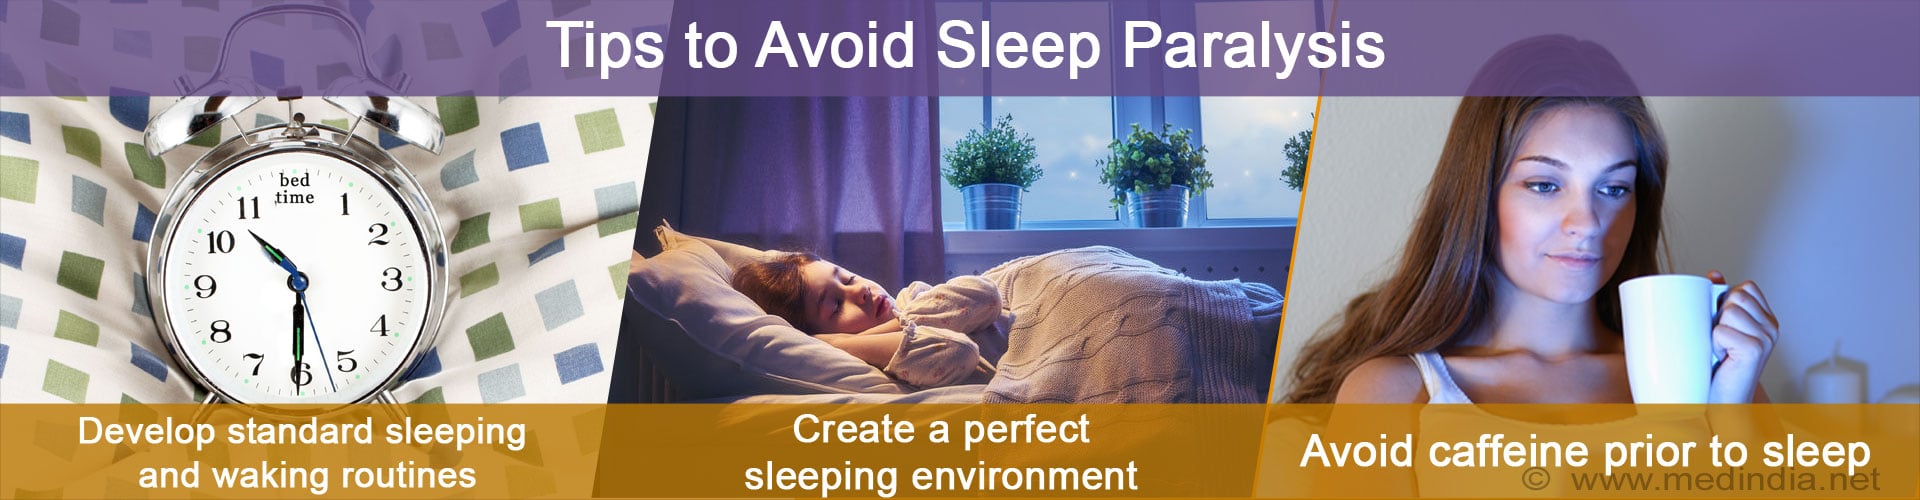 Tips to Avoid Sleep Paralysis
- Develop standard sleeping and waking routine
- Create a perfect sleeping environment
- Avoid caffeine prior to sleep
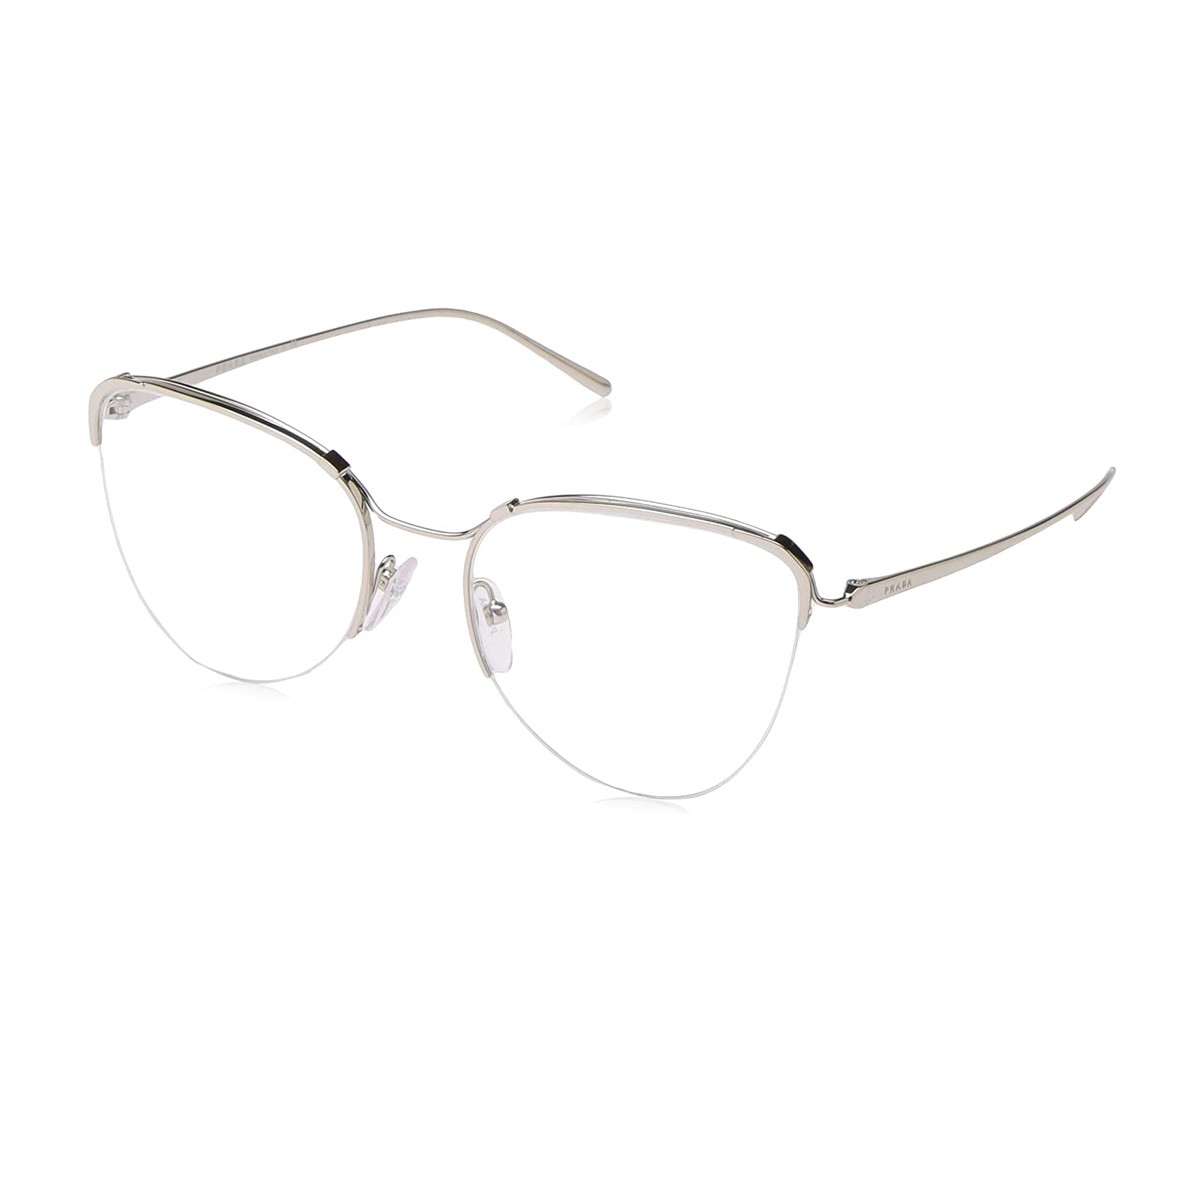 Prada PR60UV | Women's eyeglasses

* About this task *
Scan the material for the word "sleeping". Return every line where it is found.

* Task answer *
- Develop standard sleeping and waking routine
- Create a perfect sleeping environment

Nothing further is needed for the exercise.